Arthur Millar was himself the privileged son of a rich father whose business was driven to bankruptcy by the 1929 depression, and who had to survive on his wits, taking any menial job he could get, and as a result, getting an insider's view of the doomed and the desperate.
Salesman is too great a play to be about any one thing, but over and over it explores the myth of the American Dream – that if you dream big and work hard you will inevitably "make it", with the unforgiving underside of the myth, that if you have not made it, that is your own fault, and you cannot expect compassion or help.

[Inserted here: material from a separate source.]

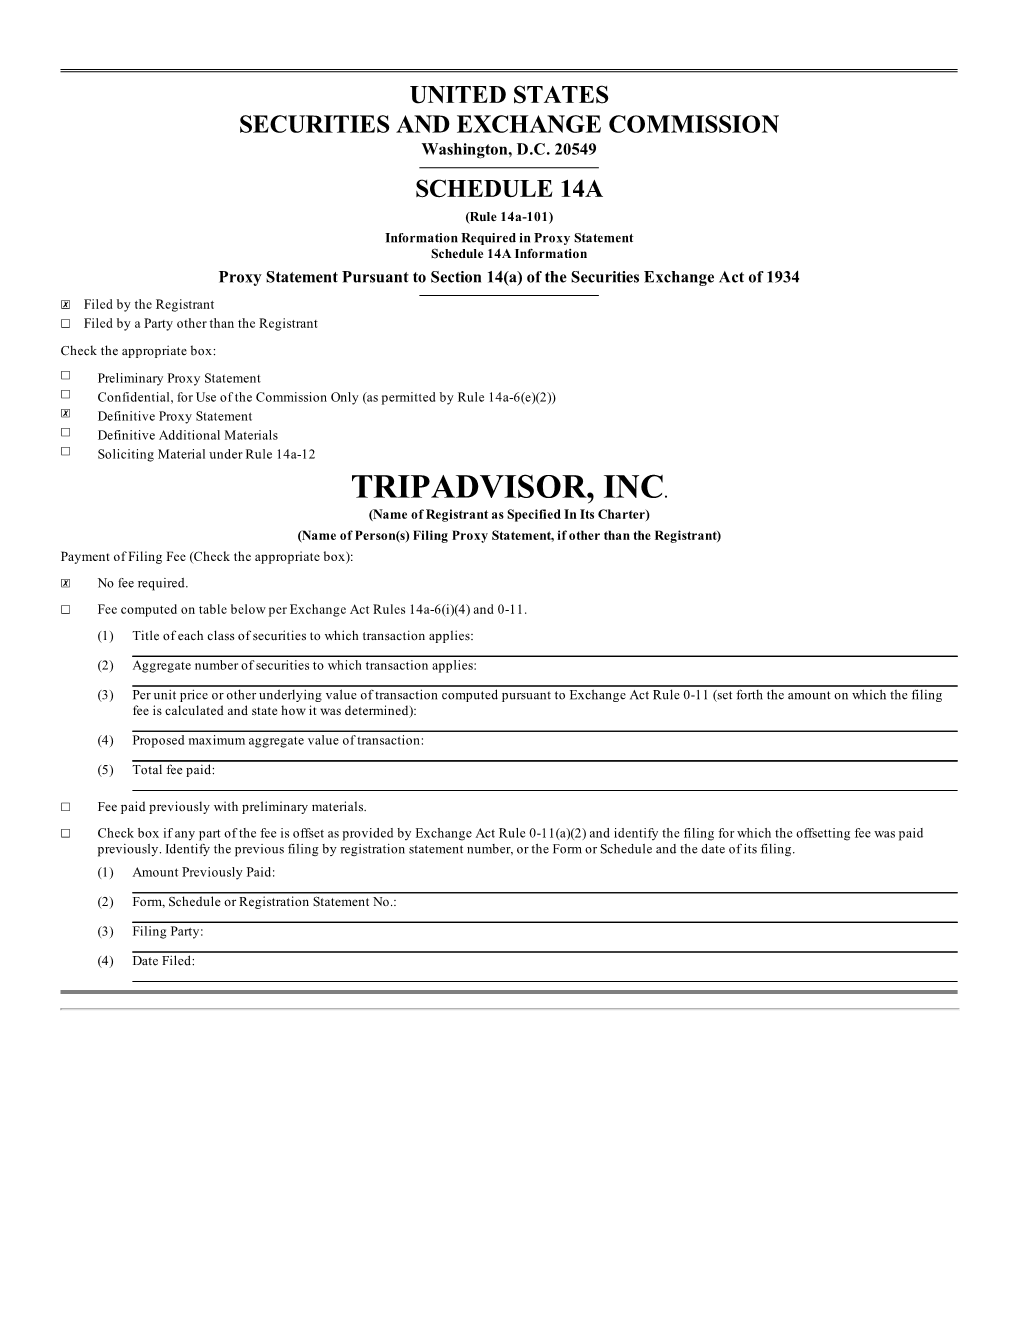 Tripadvisor, Inc
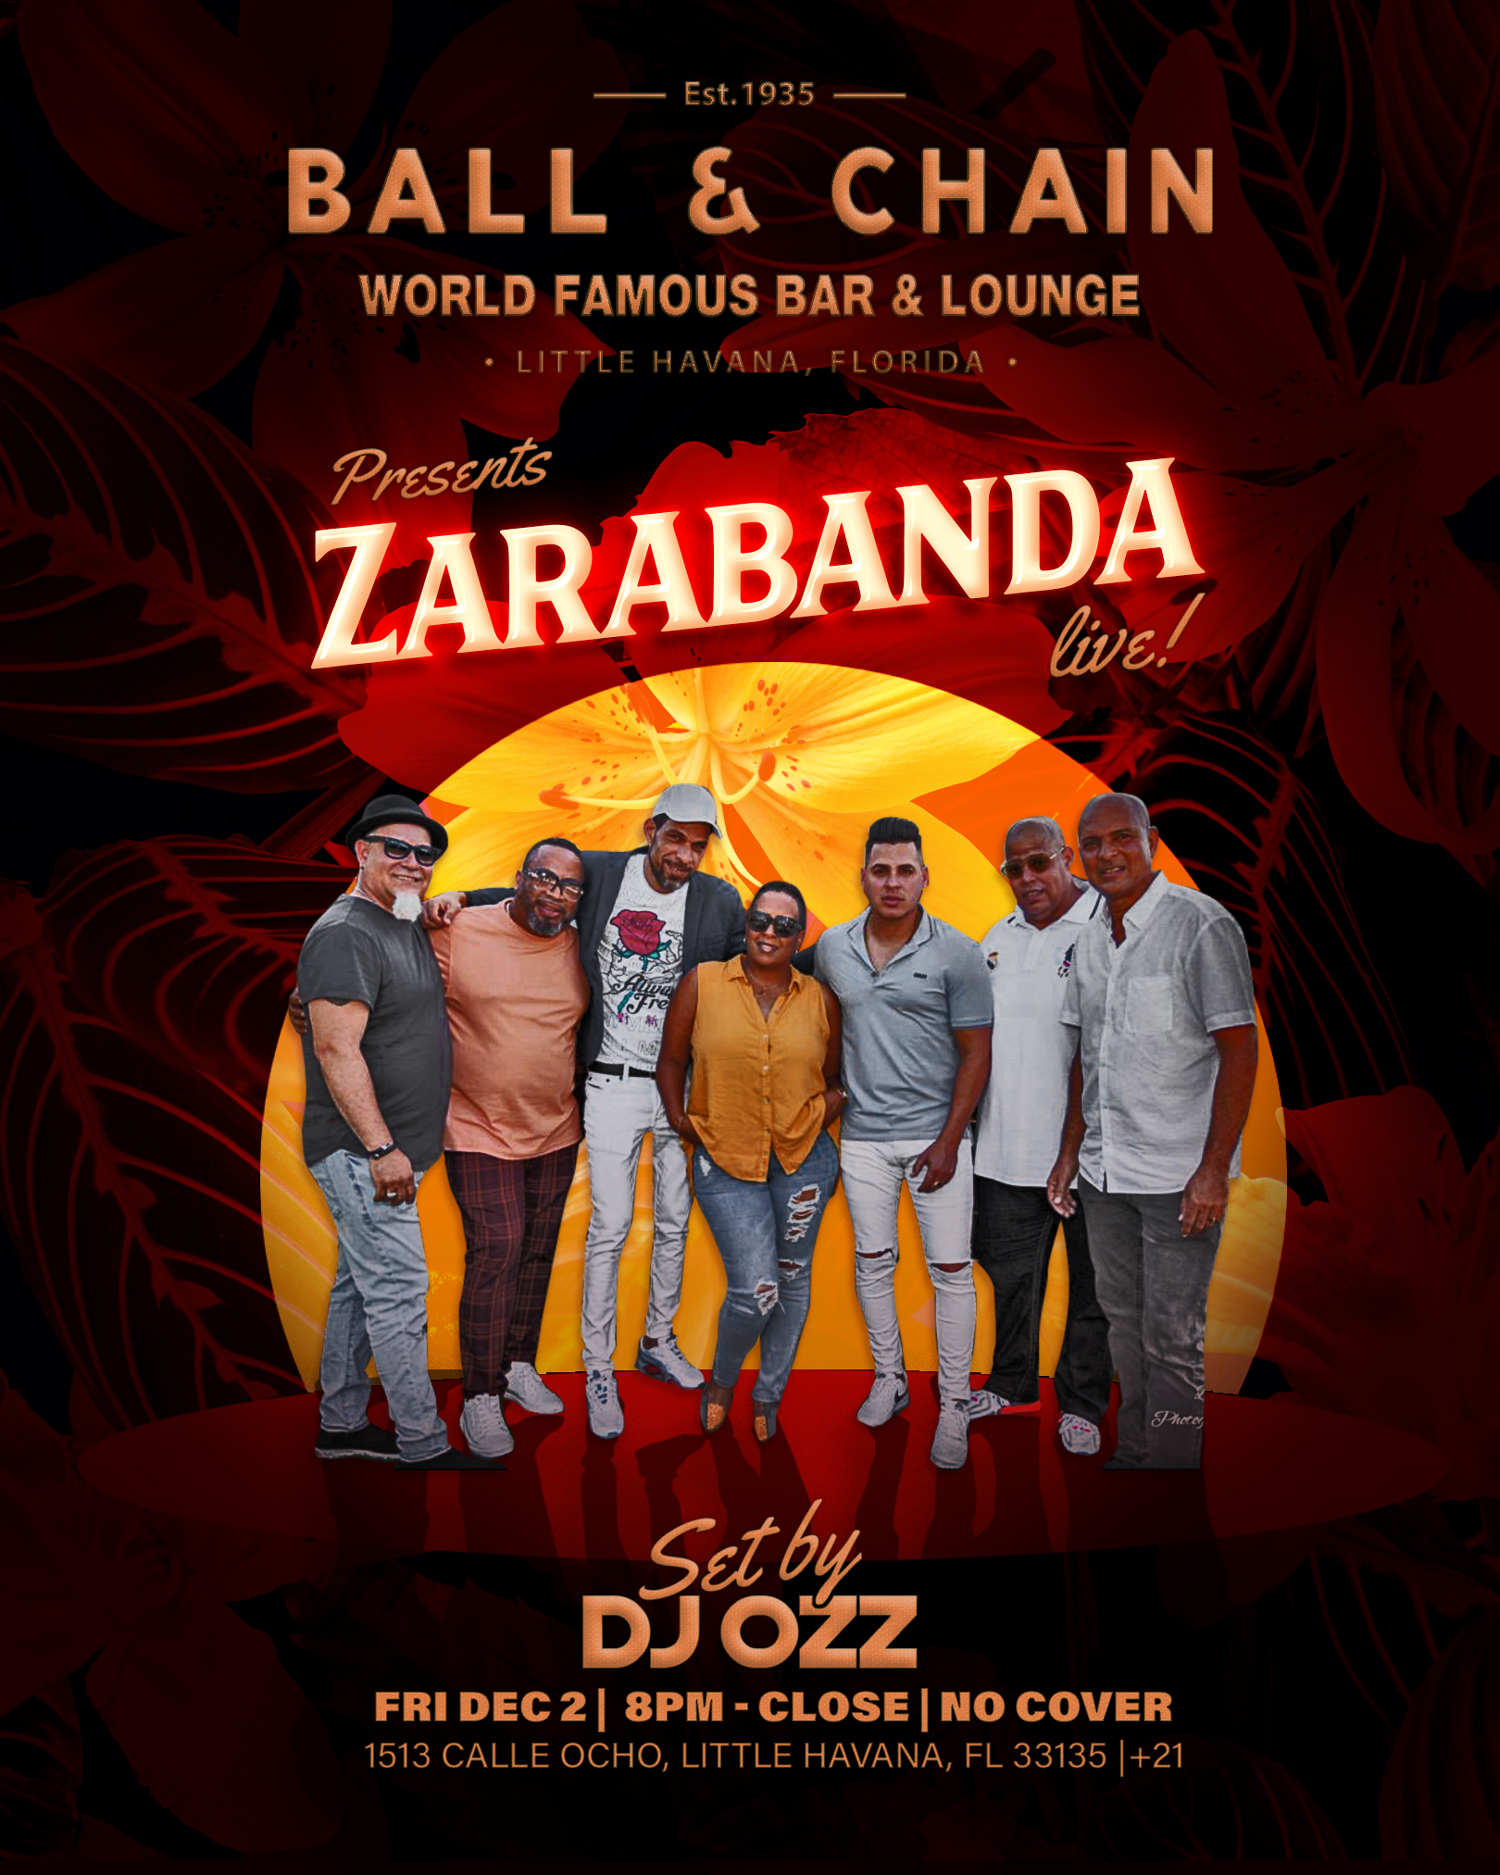 The band Zarabanda

What is the value of a man like Willy, who has spent his life creating a legend in his own mind, that he has been known and loved by many and hence has been a success, and always on the edge of the big break? Especially when, deserted by his own father when a child, he is desperately searching for how best to parent his sons, and settles, as a largely absent father, for creating unrealistic expectations of what his boys can achieve.
His own flaws destroy the ambitions of Biff, who is within an ace of graduating, and drops out.
Central to any cohesion which the family has is Willy's wife, who is afraid for his survival, and only too aware of his tendency to cling to a fantasised past and an unrealistic future.
The play is full of un-confronted regrets, and dysfunctional relationships, which burst out into uncontrollable rages fuelled by frustration.
Like The Crucible, this play is both very much of its time and universal. The questions it poses have particular relevance to the current situation in the USA, where most of the middle class are barely one pay-check away from insolvency, and the disparity between the rich and the struggling is still excused by blaming the victim.
There are many Willy Lomans in our current society.
A tribute to this production is that, almost from the beginning, we are swept into the powerful dynamics of anger, frustrations, regrets and pains and it is only later that we realise just how skilled the direction and the acting has been. My recollections of reading the play are almost fifty years old, but I was expecting Linda to be even more of an earth mother, and the bond between Willy and Linda to be even stronger – which would have given the graveyard scene a strength and a poignancy that it somewhat lacked – or possibly its arid emptiness was just what the director wanted.
Certainly, as with Shakespeare, there are many ways of playing Millar.
This production showed that the power is still there. The capacity audience was palpably engaged with the disintegrating family ground down by the failure of their dreams. Perhaps we saw so much more than one man destroyed by his daemons, and were confronted by the universal fragility and value of humankind.
Small wonder that Death of a Salesman is regarded as one of the greatest plays of the twentieth century, and this production rose to the challenge of bringing it to life.